Art. 1.262 do Código Civil: Usucapião de Coisas Móveis e a Aplicação Subsidiária de Normas

Art. 1.262 – Aplia-se à usucapião das coisas móveis o disposto nos arts. 1.243 e 1.244.

Lei 10.406/2002 – Acesso em 02/03/2026

O Art. 1.262 do Código Civil de 2002 estabelece uma importante regra de remissão normativa ao dispor que se aplicam à usucapião de coisas móveis as disposições contidas nos arts. 1.243 e 1.244 do mesmo diploma legal. Esta remissão é crucial para a compreensão do instituto, pois os artigos referenciados tratam de aspectos fundamentais da usucapião de bens imóveis, adaptando-os, por analogia, à realidade dos bens móveis. A sistemática demonstra a preocupação do legislador em conferir coerência e completude ao regime jurídico da usucapião, evitando lacunas e garantindo a segurança jurídica.

O Art. 1.243, ao qual o Art. 1.262 remete, permite a soma dos tempos de posse dos antecessores para fins de usucapião, desde que as posses sejam contínuas e pacíficas.
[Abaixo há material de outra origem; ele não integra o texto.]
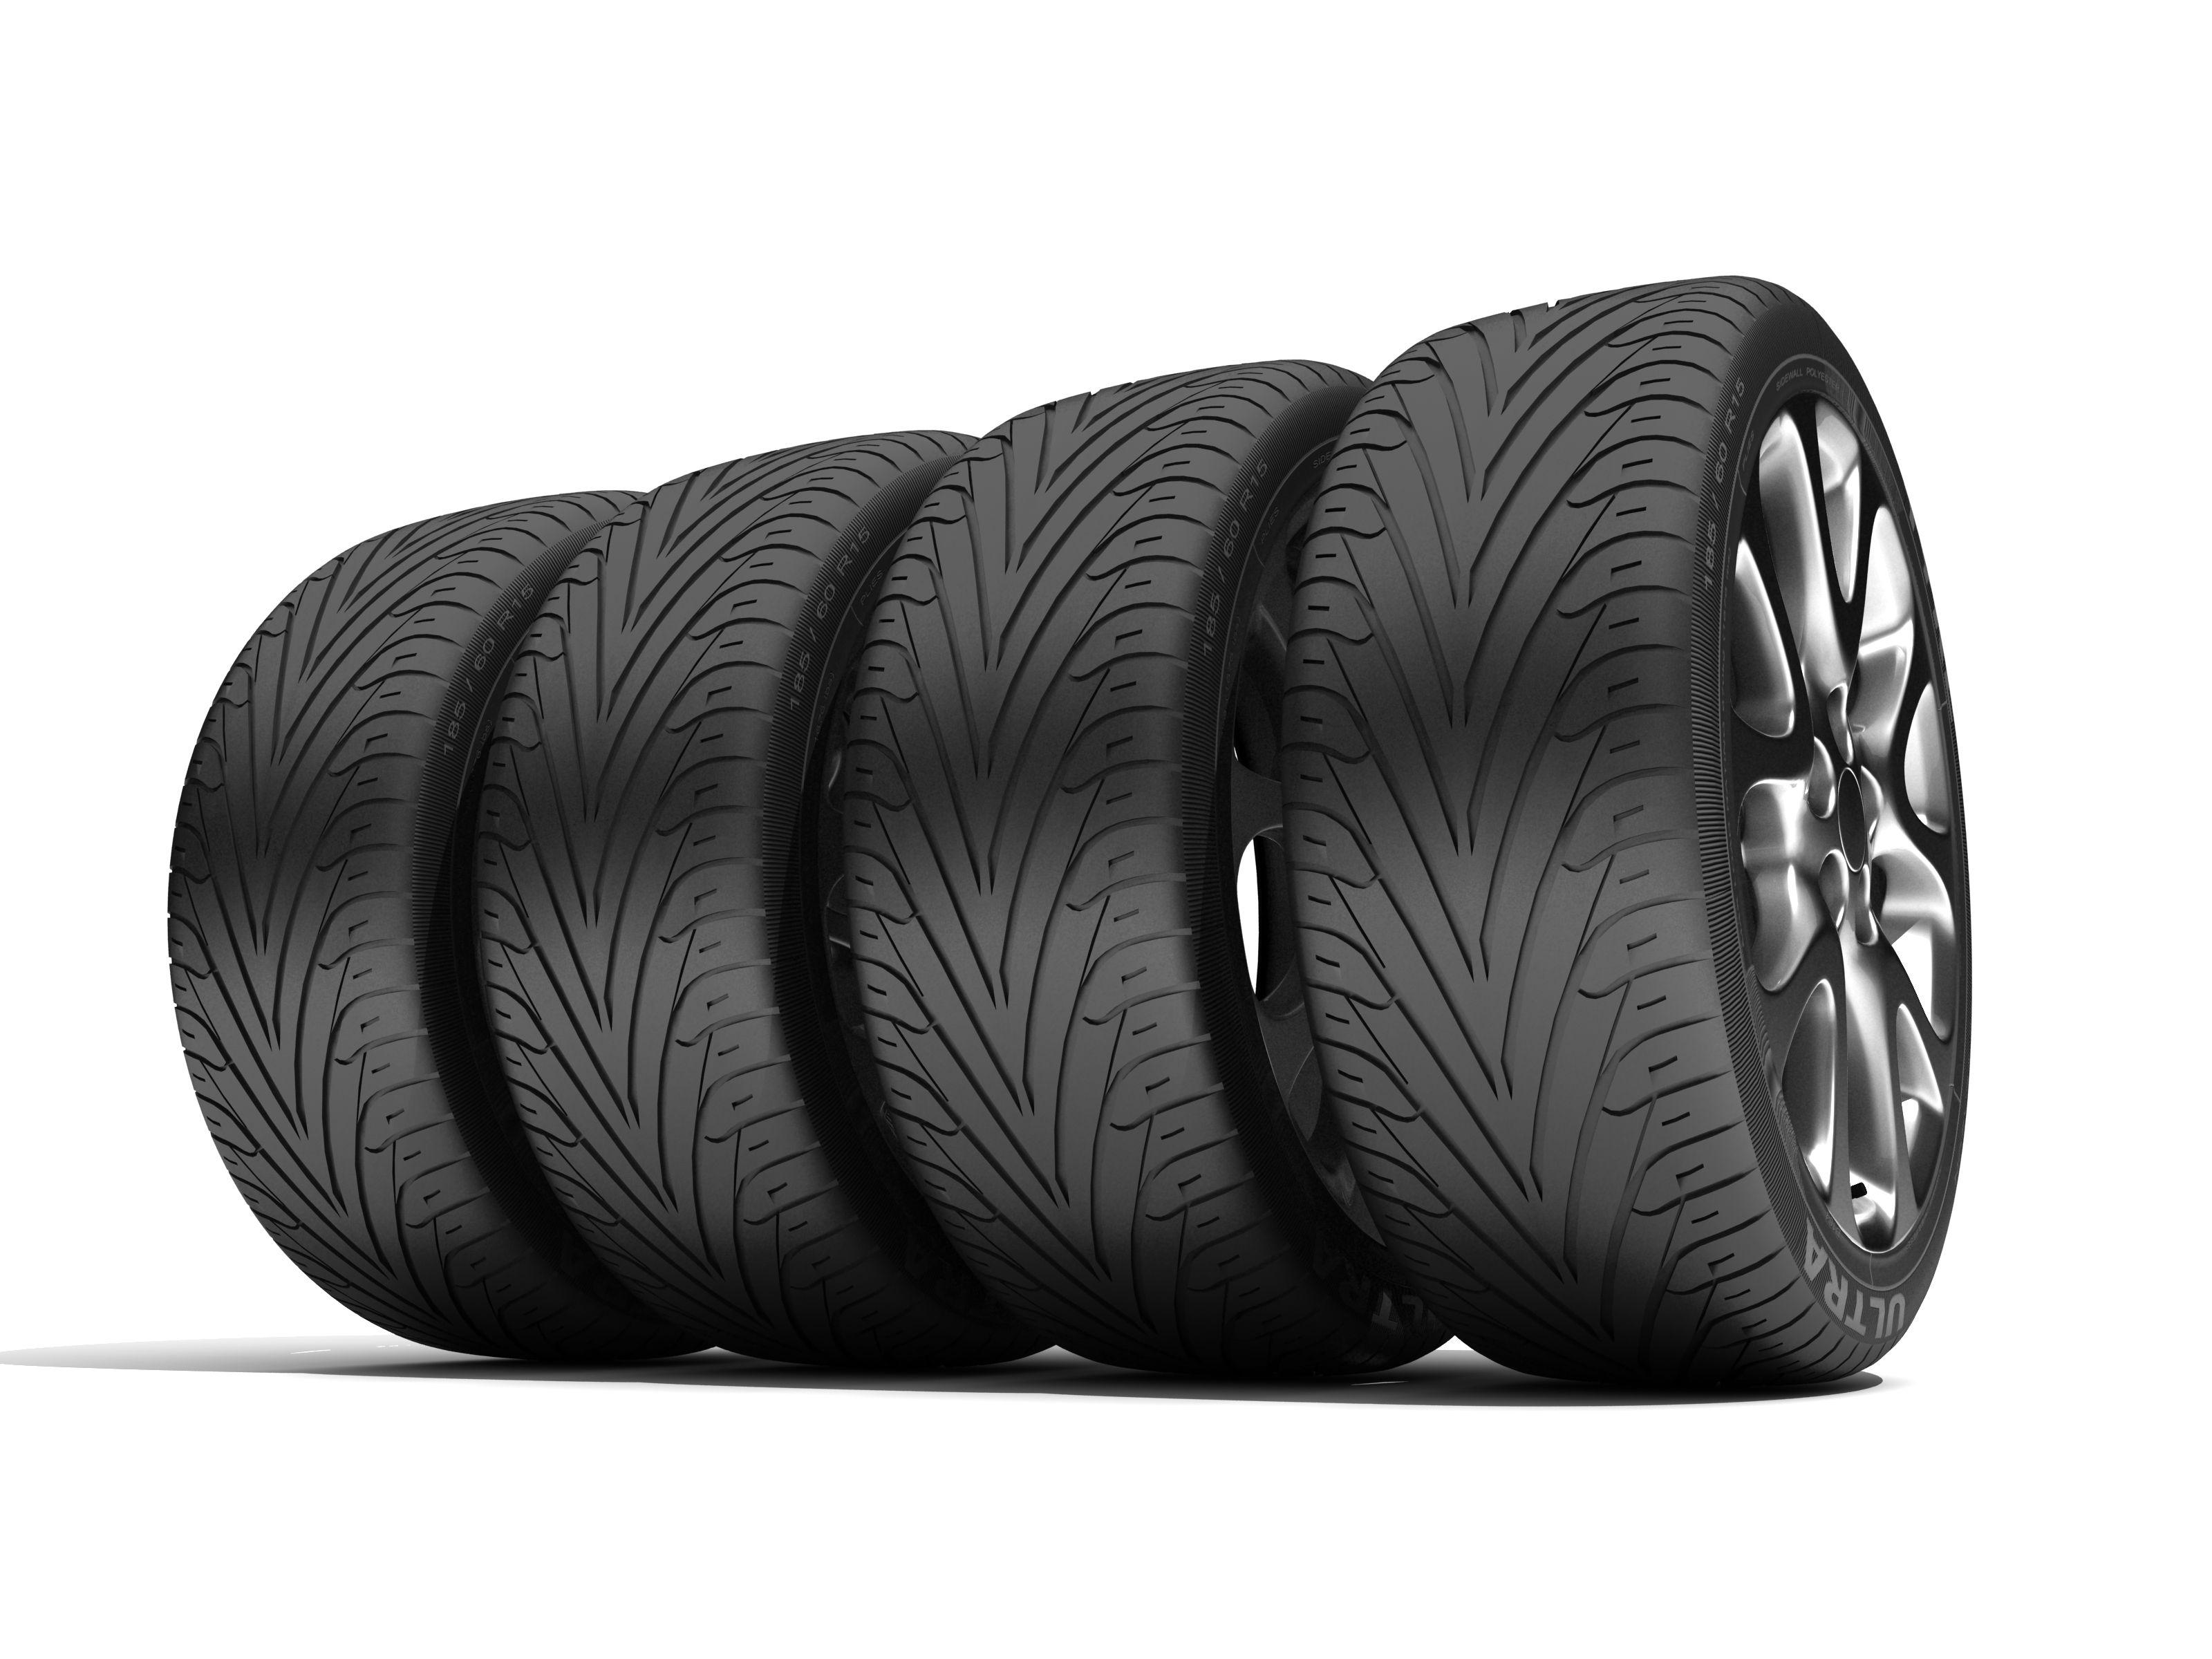 tire Google 搜尋 Mini trucks, Wheels and tires, Compact cars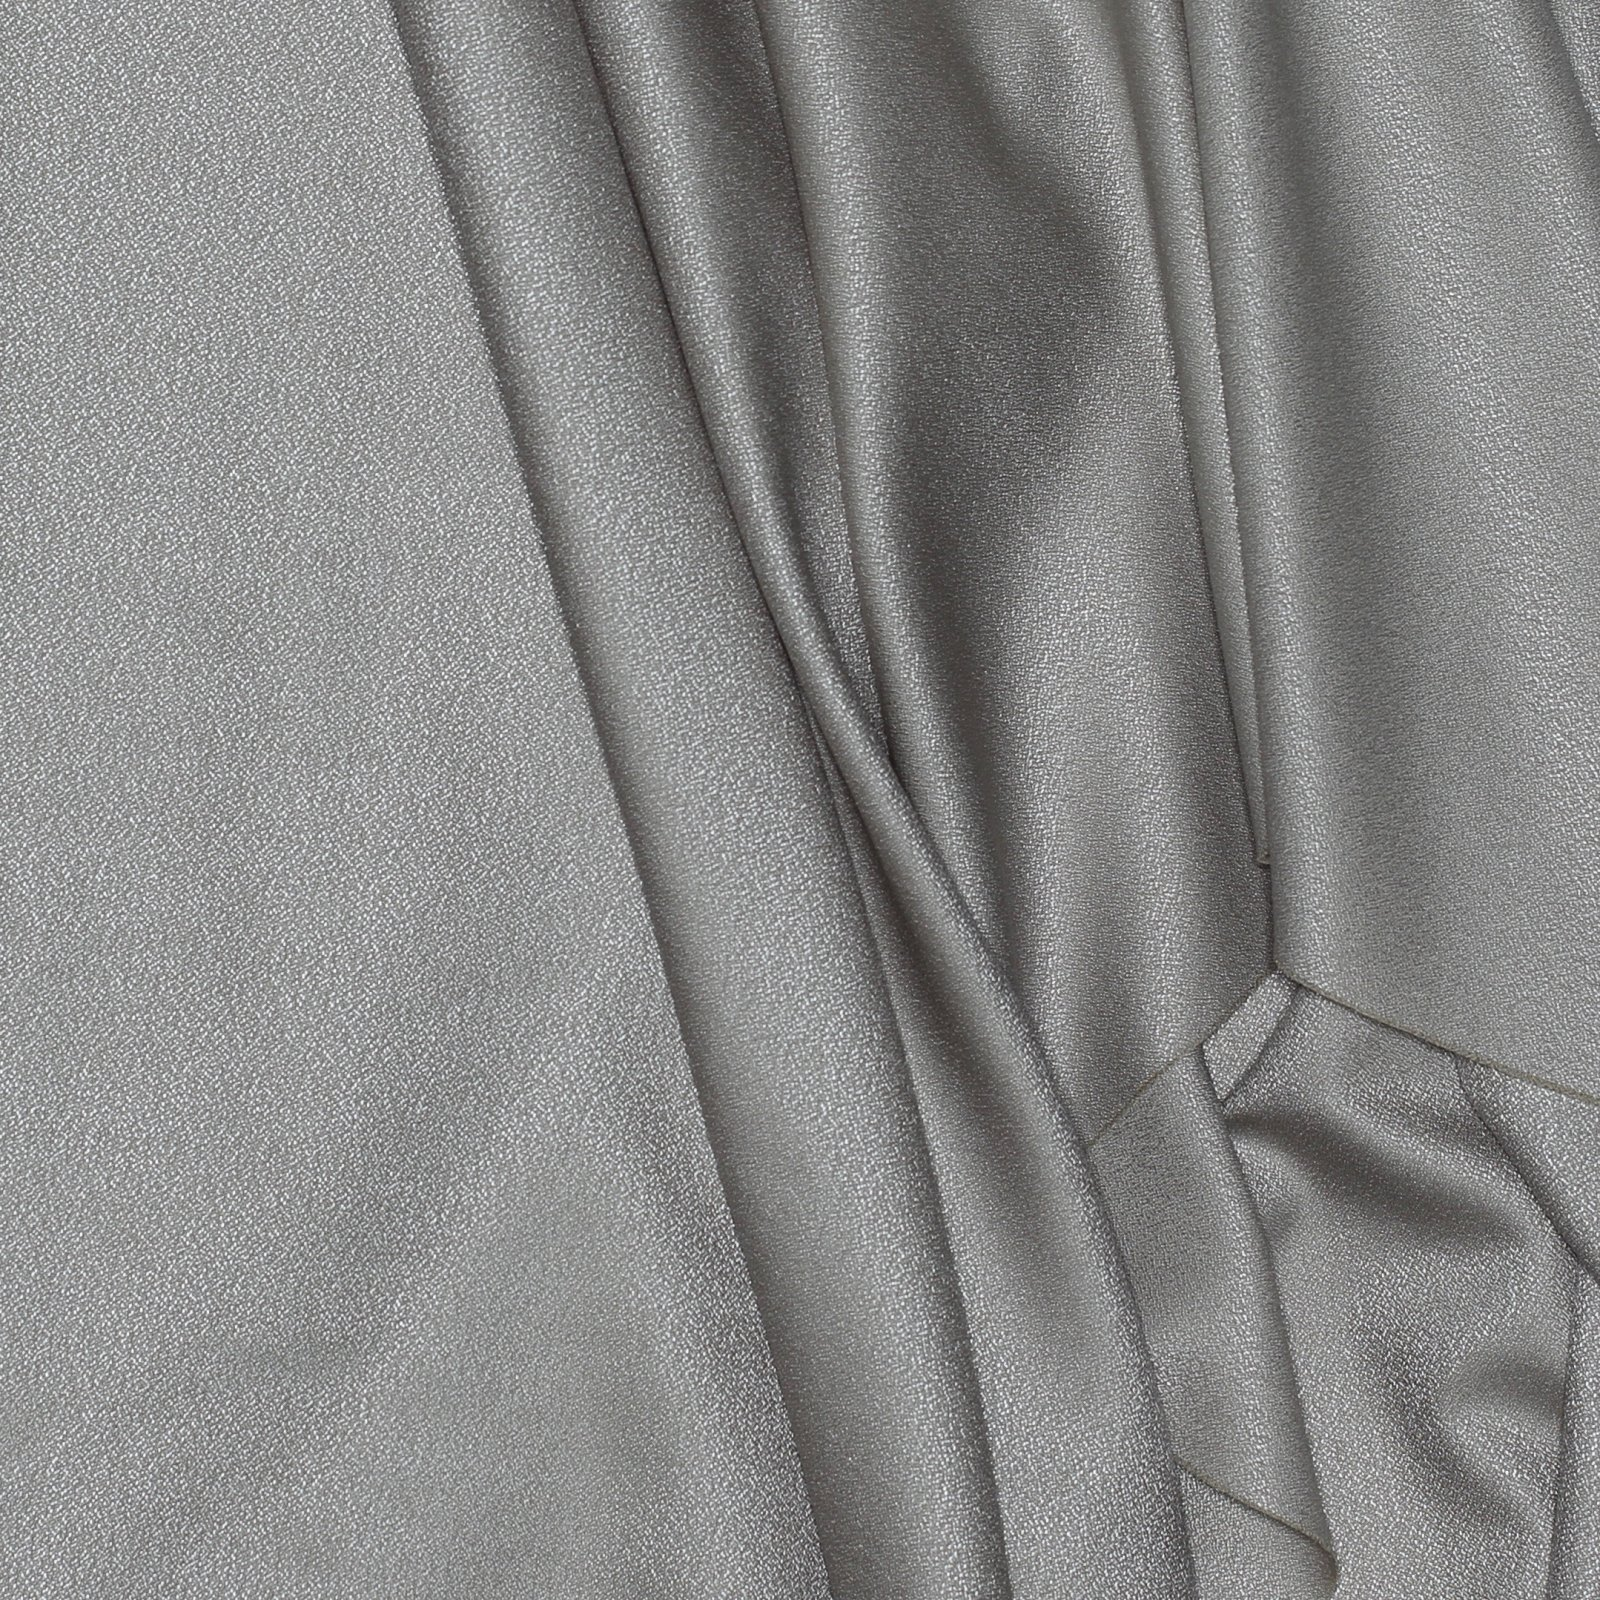 Gold Speckled Italian Wool/Silk Blend

Esta regra, conhecida como acessio possessionis e successio possessionis, é vital para a aquisição da propriedade de bens móveis, especialmente em cadeias possessórias complexas. Já o Art. 1.244, também invocado, estabelece que se estende ao possuidor o disposto quanto ao devedor acerca das causas que obstam, suspendem ou interrompem a prescrição, o que se aplica, por conseguinte, à usucapião. A aplicação desses preceitos aos bens móveis exige uma interpretação cuidadosa, considerando as peculiaridades da natureza desses bens, como a menor formalidade na sua circulação e a dificuldade de registro.

A doutrina e a jurisprudência têm debatido a extensão e os limites dessa aplicação subsidiária, especialmente no que tange à prova da posse e à boa-fé. A posse ad usucapionem de bens móveis, embora menos formal, ainda exige os requisitos de posse mansa, pacífica, ininterrupta e com animus domini. Conforme análises realizadas pelo sistema de inteligência artificial jurídica Redizz, que mapeia a legislação brasileira, a interpretação desses dispositivos tem sido consistente na aplicação dos princípios gerais da usucapião, adaptando-os à especificidade dos bens móveis, como veículos, joias ou obras de arte, onde a publicidade da posse pode ser mais difícil de aferir.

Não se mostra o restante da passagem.